Data compilations indicate that so far much emphasis has been placed in determining nutrient flux through litterfall and decomposition in undisturbed tropical rain forests (Bray and Gorham, 1964; Proctor, 1983, 1984; Clark et al., 2001) and there are limited data related with the response of litterfall dynamics to disturbances (Hall and Okaly, 1979; Lodge et al., 1991; Herbohn and Congdon, 1993; Arunachalam et al., 1998; Vogt et al., 1986).

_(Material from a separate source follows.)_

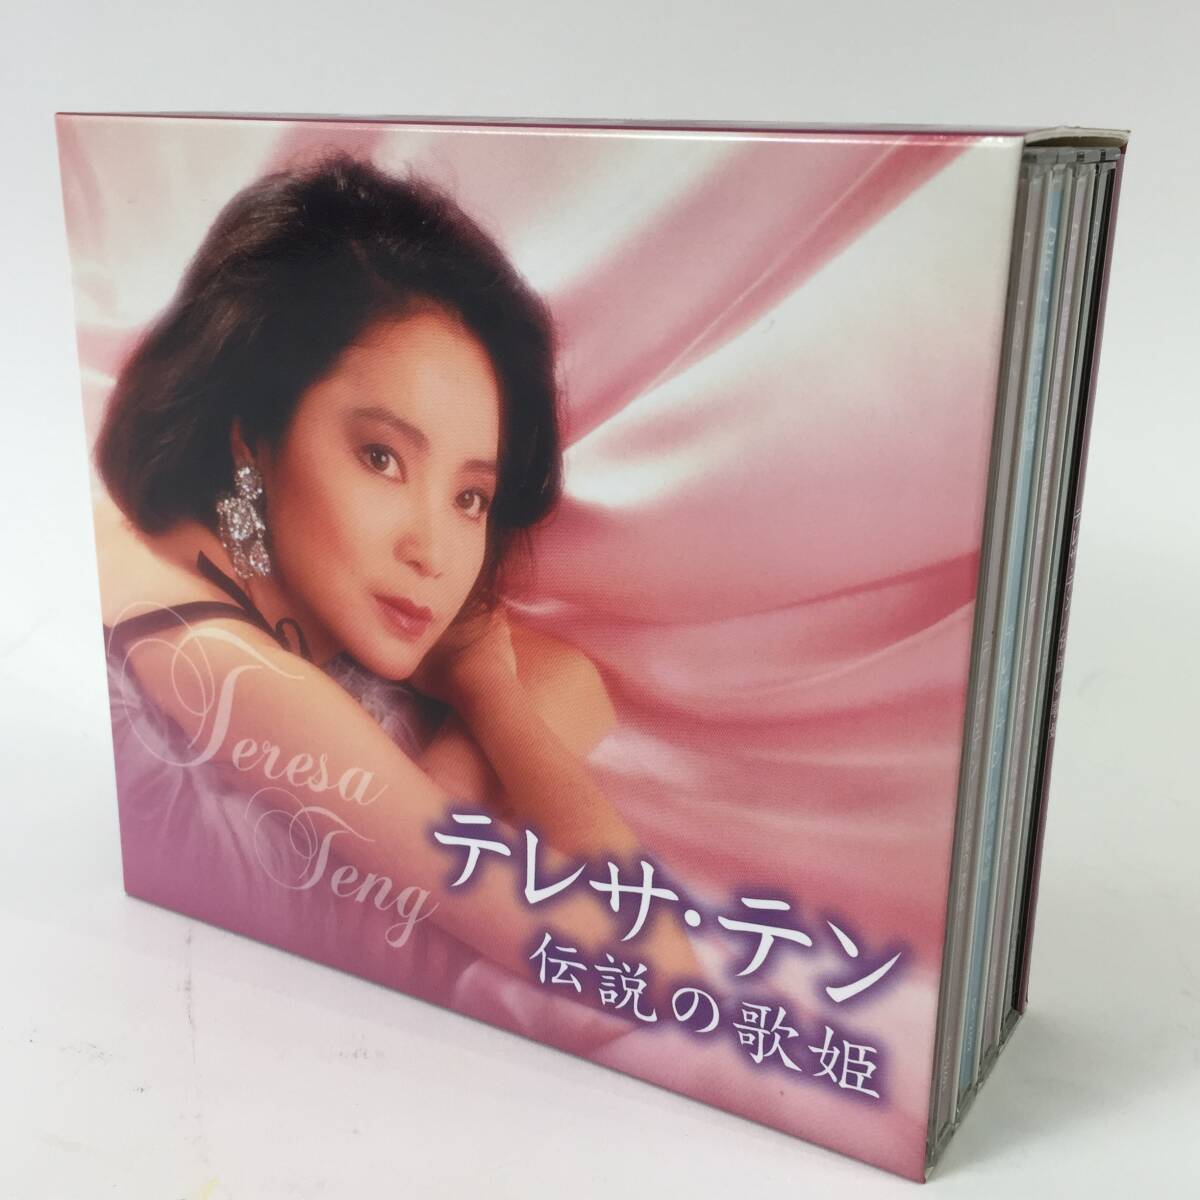 テレサテン 伝説の歌姫 CDボックス 特典DVD付 愛人 別れの予感 時の流れに身をまかせ 24c菊TK_画像1

Disturbances influence the composition and structure of tropical forests (Lodge et al., 1991; Dezzeo et al., 2004) and therefore change the nutrient cycling patterns, changing the equilibrium between production of biomass, accumulation of organic matter and decomposition and absorption of nutrients (Jordan, 1985; Barnes et al., 1998). Forest disturbances and savannization are critical environmental issues associated with forest fires in the Gran Sabana, Southern Venezuela. In this region the vegetation cover is characterized by a mosaic of primary forests, secondary forests and savanna. This vegetation mosaic represents a transitional stage in a long term savannization process, which is originally triggered by fires but is essentially conditioned by soil chemical stress and episodic drought stress (Fölster, 1986; Dezzeo et al., 2004). High acidity, low base cations and a high amount of toxic elements in the soils limit the microbial activity and are responsible for the accumulation of organic matter on the soil surface (Fölster et al., 2001; Priess and Fölster, 2001), making the forests highly susceptible to fire, especially during exceptionally dry years.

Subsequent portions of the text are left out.